ACA staff shortages and tech concern hospital execs Premier spring 2016 surveyIn the future, a hospital won’t be a hospital at all, according to 9 in 10 hospital executives who occupy the c-suite polled in Premier’s Spring 2016 Economic Outlook.

Among factors impacting their ability to deliver health care, population health and the ACA were the top concerns among one-half of hospital executives. 1 in 4 hospital CxOs think that staffing shortages have the biggest impact on care delivery, and 13% see emerging tech heavily impacting care delivery.

Technology is the top area of capital investment planned over the next 12 months, noted by 84% of hospital execs in the survey. Other areas of planned capital investment include facility renovation (for 56% of c-suite respondents) and construction (for 46%), imaging equipment (45%), surgical equipment (42%), and other clinical equipment (23%).

Health IT has been a major capital investment line item over the past five years, Premier has found. Since population health is top-of-mind for nearly 50% of the c-suites, Premier’s press release on the study noted that, “Having interoperable data across the entire continuum of care – including employed and affiliated physician networks – is critical for providers to seamlessly manage population health.” But only 38% of hospital providers feel they’re successfully accessing data from affiliated or non-employed physician networks, Premier cautioned.

Premier polled c-suite respondents on trends impacting providers and the healthcare industry in winter 2016.
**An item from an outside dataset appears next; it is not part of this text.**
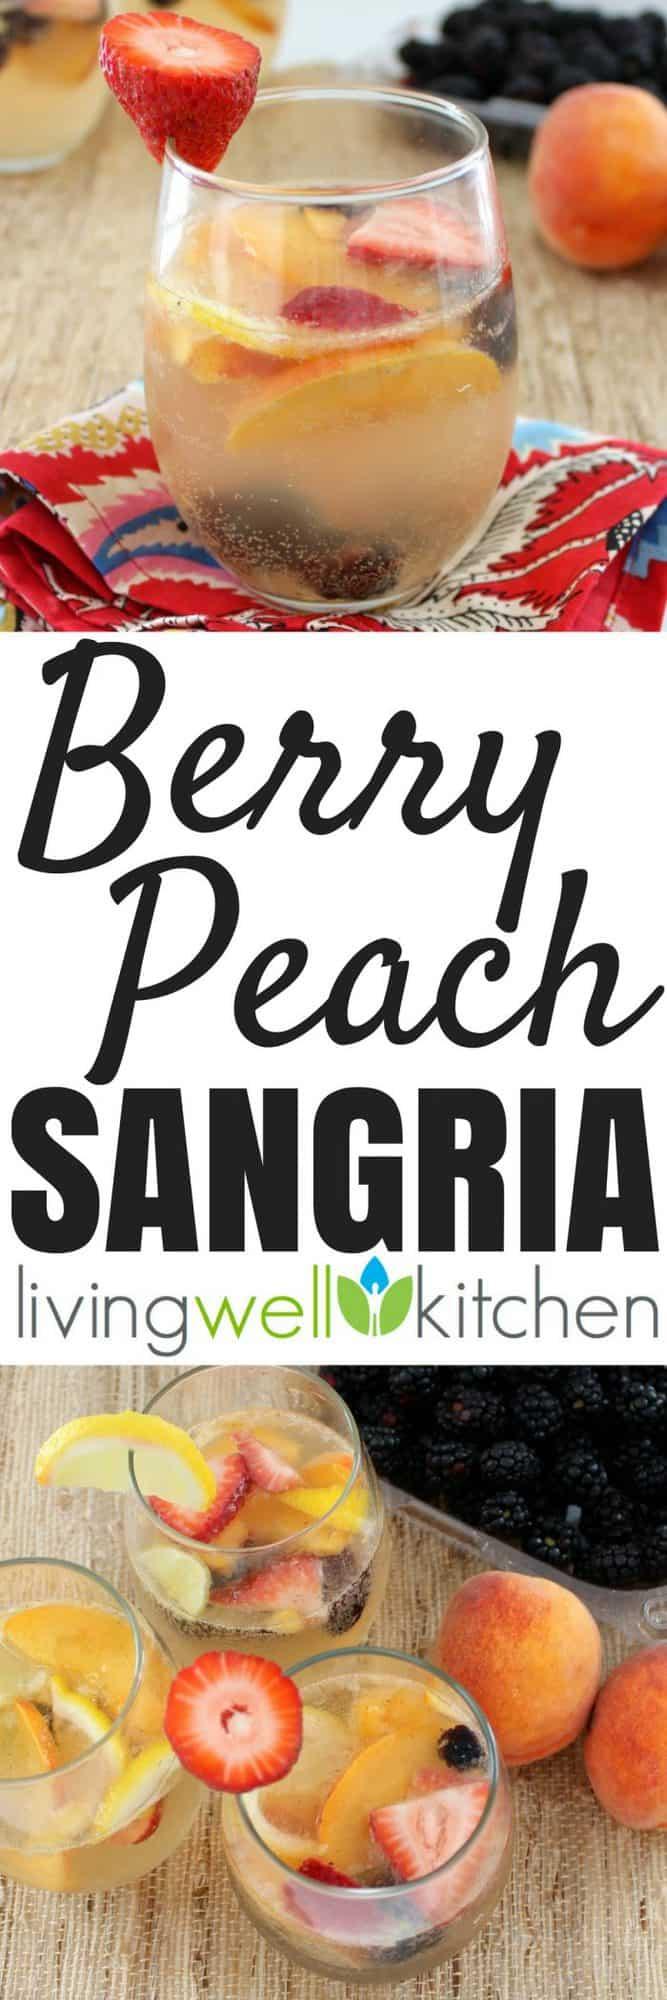 Berry Peach Sangria collage

Health Populi’s Hot Points:  The hospital execs polled by Premier are in the midst of moving from a volume-based payment regime to value-based, in the forms of accountable care, bundled payments (such as those for orthopedic joint replacement implemented earlier this month among 800 pioneering hospitals), pay-for-performance. Getting paid less for doing more is the M.O. here, which is what prompts the CxOs’ focus on population health, 94% of whom told Premier that creating high-value post-acute networks will be greatest challenge over the next few years.
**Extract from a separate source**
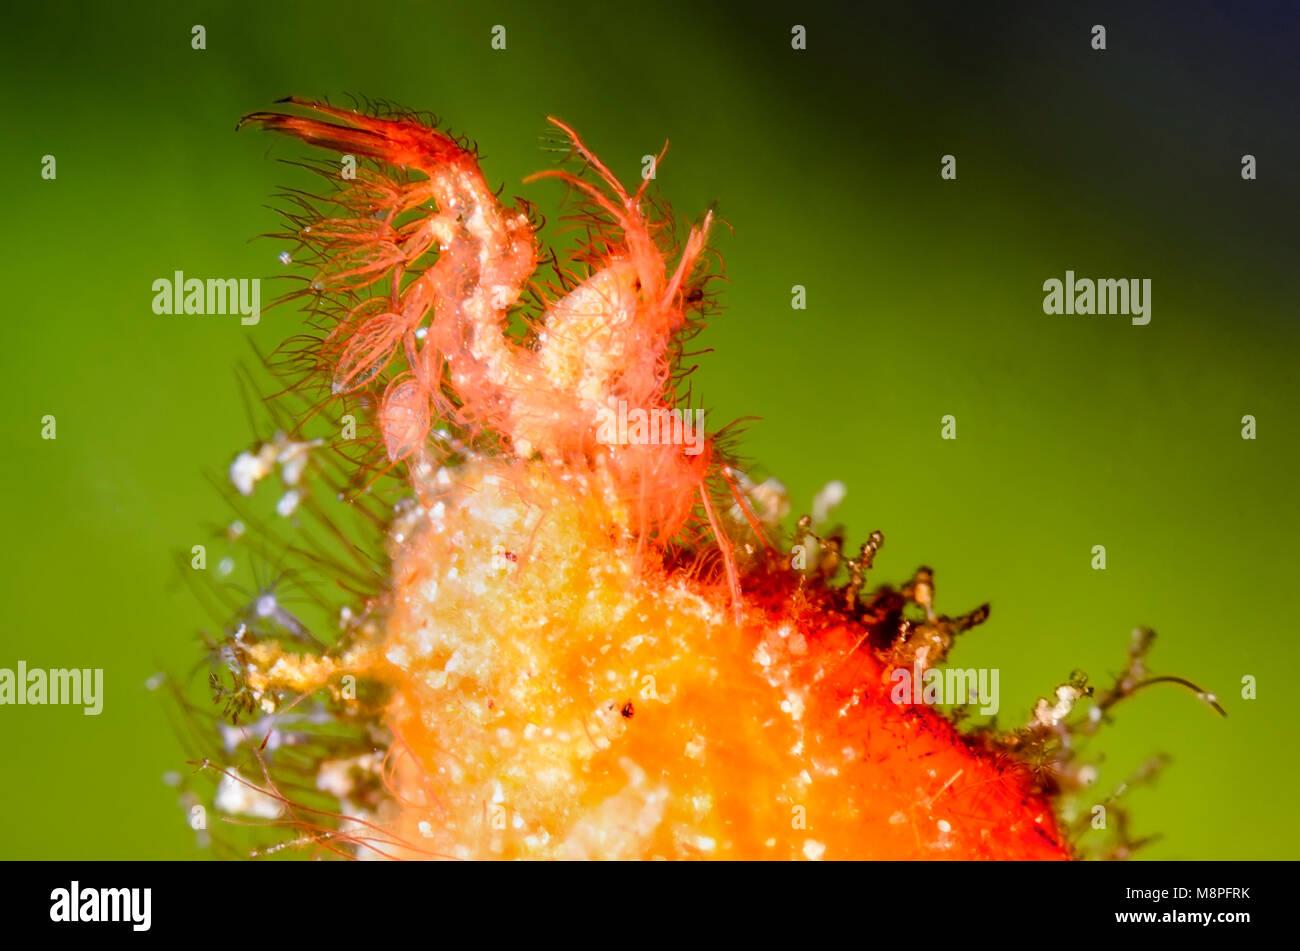 Hairy or algae shrimp, Phycocaris simulans, Anilao, Batangas, Philippines, Pacific - Stock Image

Enter the retail health opportunity, to extend care closer to where people live, work, and play. One lower-hanging-fruit area in retail health is pharmacy: 66% of the CxOs believe their organization will own or operate a retail pharmacy in the next 3 years.
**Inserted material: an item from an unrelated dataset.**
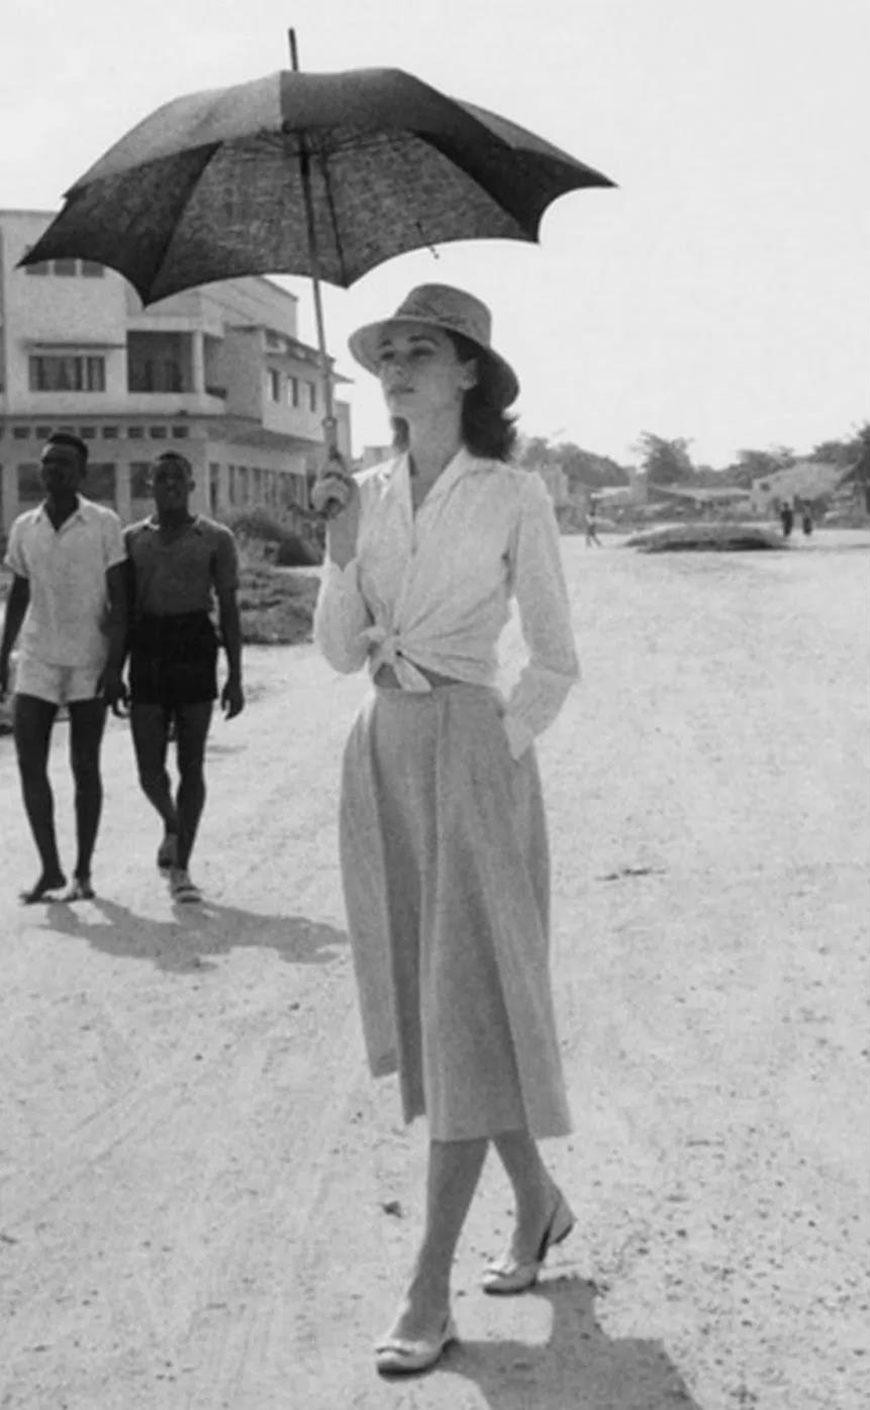 Audrey-Hepburn-wore-a-blouse

Morphing toward retail health channels will be an important bridge to population health. Beyond that objective is the longer-term vision of the re-imagining the nature of a hospital-that’s-not-a-hospital, which 92% of the hospital executives believe will be their future.

One scenario I’ve been working on with clients is the home-as-hospital, or home-as-medical-home. NPR covered the idea that the future of hospital care could look a lot like home earlier this month, forecasting that, “the hospitals that thrive won’t be the ones with the free parking and fancy lobbies. They’ll be the ones that can get to your house faster than the pizza guy.”

A pioneering cohort of hospital executives have begun to think-the-unthinkable about this new identity beyond Pill Hill. They’re starting to adopt remote health monitoring, building the evidence for care outside of the hospital walls using medical grade products that are artfully designed for consumer and caregiver use. The emerging era of the Internet of Medical Things has begun.